I can remember exactly where I was and what I was doing in the early hours of the morning in the UK when it was confirmed that Ronald Reagan had won the US presidency. At the time we were appalled - a 'B' movie actor, a rather stupid and vain man who dyed his hair, a man unacquainted with the complexity of realpolitik, we thought. East Anglia back then was little more than a vast USAF airfield; F4 Phantoms and A10 Thunderbolts screamed overhead at low level from dawn until dusk, the last of our own fantastic Lightnings having been retired from RAF Wattisham in 1974. The faint stench of unburnt kerosene hung in the air and on our clothes and somewhere over to the east vast Soviet tank armies and millions of jackbooted killers stood ready to steamroll over Europe headed for Southwold and Walberswick.

The fear of nuclear war was endemic and ever present.

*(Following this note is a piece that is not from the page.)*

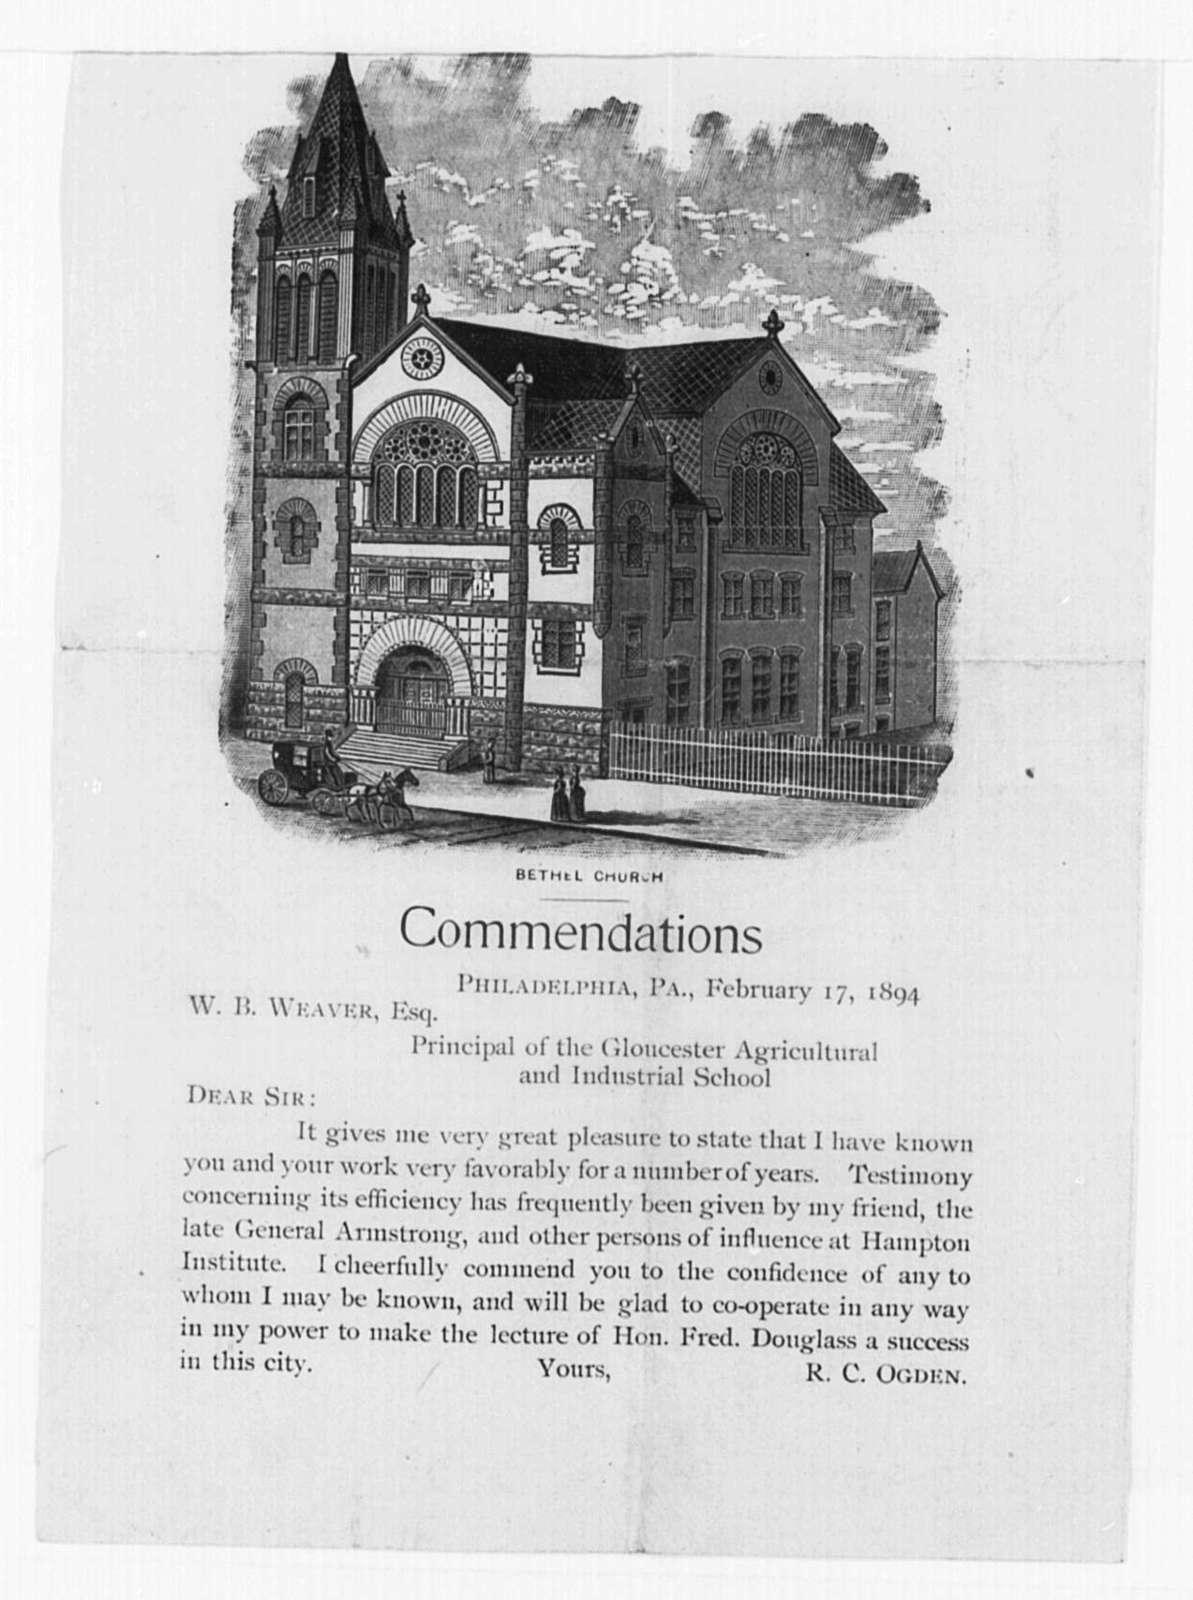 Douglass, Frederick (General) - Folder 6 of 9

Our rural counties had ICBMs targeted at them, we knew. Members of the Royal Observer Corps, normally village postmen or somesuch, would don their berets each day after work and scuttle down into their holes in the ground, mashing-up forty feet below the fields, with the milk rota pinned up next to the expected megadeaths from various megatonnages of nuclear blasts. We were terrified that the stupid, ignorant, blundering Reagan would provoke war with Russia, that he was gambling with our young lives. 

Well, we were as wrong as were the nation's finest economists who scribbled chain letters explaining why the housewife Margaret Thatcher would be a disaster for jobs and growth. And of course we've heard it all again about President Trump. And on past form, that's why I'm less concerned about a trade war, tariffs and sanctions, mutual economic destruction and all the rest than I should be. In fact, the more that the world's economists are shrieking how dreadful it all is, the more experience tells me that it may just work, but perhaps not in the way that Mr Trump thinks it will (those US rust belt jobs will never return - but tax cuts, deregulation and fracking will compensate). Reagan never expected the wall to come down, after all. 

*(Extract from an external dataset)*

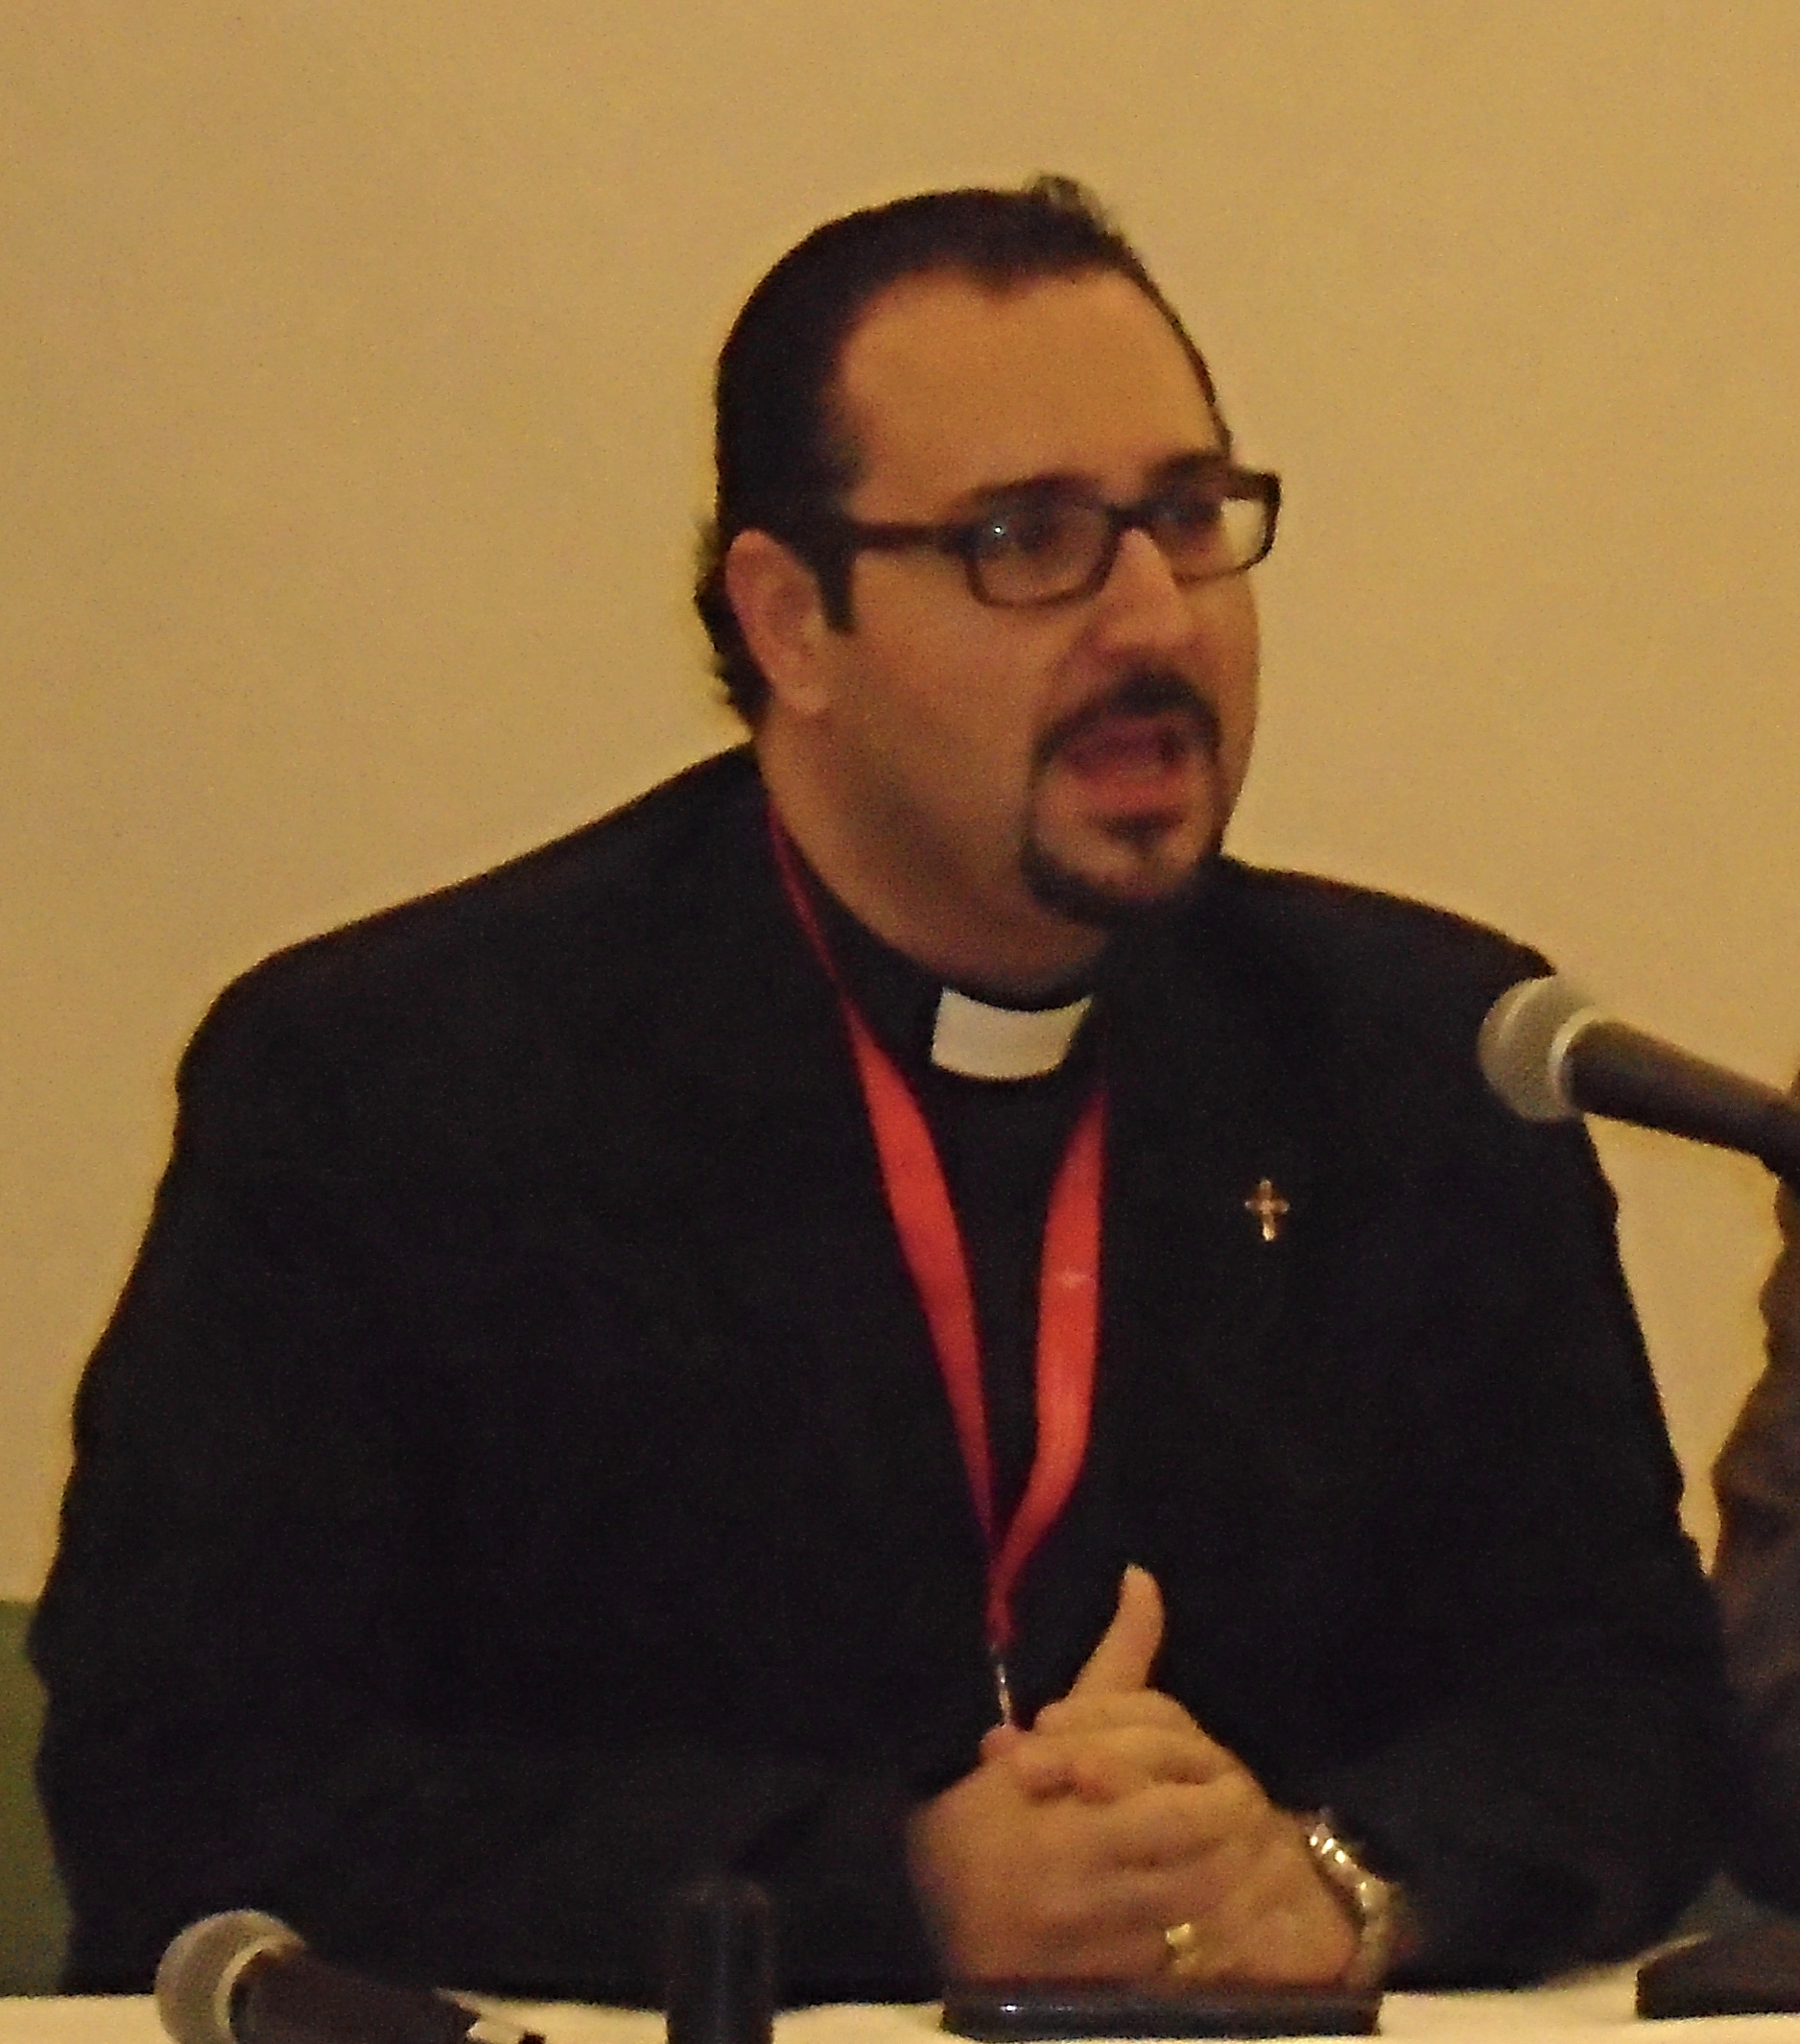 Rev. Jacob Sabbaagh, pastor of the church in Fairouzeh

EU tariffs on cranberries, bourbon and denim jeans? Give me strength. BTW, preiselbeere or Lingonberry sauce is a perfect substitute for cranberry sauce - sold in big, cheap jars and also perfect with venison, I wouldn't use Bourbon to clean the sink and my denim is made in China and SE Asia by slaves. If I couldn't get hold of Dickies shirts and boots, on the other hand, that would be a disaster ..

Wednesday, 30 May 2018

Tommy Robinson jailed - rightly

The British have long tried to apply injunctions, superinjunctions, gagging orders and censorship edicts to the activities of the judiciary and establishment. At the time of the Abdication, they imagined they could keep the news of the King's unlawful infidelity a secret from the nation at a time when whole column metres were devoted to reporting it not only across the Atlantic but across the Channel. As an aside, one of the great freedoms that smaller nation-states can enjoy when not part of a global or continental legal jurisdiction is popular knowledge of establishment wrong-doing. If the EU survives, I pity its poor citizens - who will have to depend on British or US sources for the truth once Brussels closes down internal free information, probably on the grounds that the wealthy and powerful have an absolute right to privacy, even when exploiting the poor, stealing from the state, subverting democracy or stuffing their mouths with gold by criminal malfeasance. We can call this the [NAME REDACTED] school of media licensing. 

It now emerges that there were not one but two Censorship Orders issued around a criminal case now being heard somewhere north of Watford. The first we have referred to below, referring to the case itself. This is still in force. The second, now withdrawn, related to the arrest of Tommy Robinson. He has subsequently pleaded guilty to contempt of court - that his activities were sub judice and risked prejudicing a fair trial for those currently in the dock. Frankly, his activities were asinine and in my view his sentence is deserved. Those inclined to protest may consider whether they would also have defended the rights of the brownshirts to smash shop windows and burn books - activities equally anti-democratic and as harmful to us all as disrupting the exercise of justice. Smashing shop windows and burning books are not 'freedom of expression' - they are acts of shameful intimidation. Our courts must be free, open and independent for all our sakes. This is why even though I am deeply suspicious of the first gagging order - censoring any mention of the case in progress, even normally permissible factual reporting - I will uphold it on this blog. 

When the trial is over we will learn the judge's reasons for imposing this restriction. If it proves to have been for sound reasons in the interests of justice, fair enough. If it proves to have been made for reasons of political expediency, or for protecting the establishment from scrutiny, then is the time to take to the streets. Until then, we must all pretend we know nothing.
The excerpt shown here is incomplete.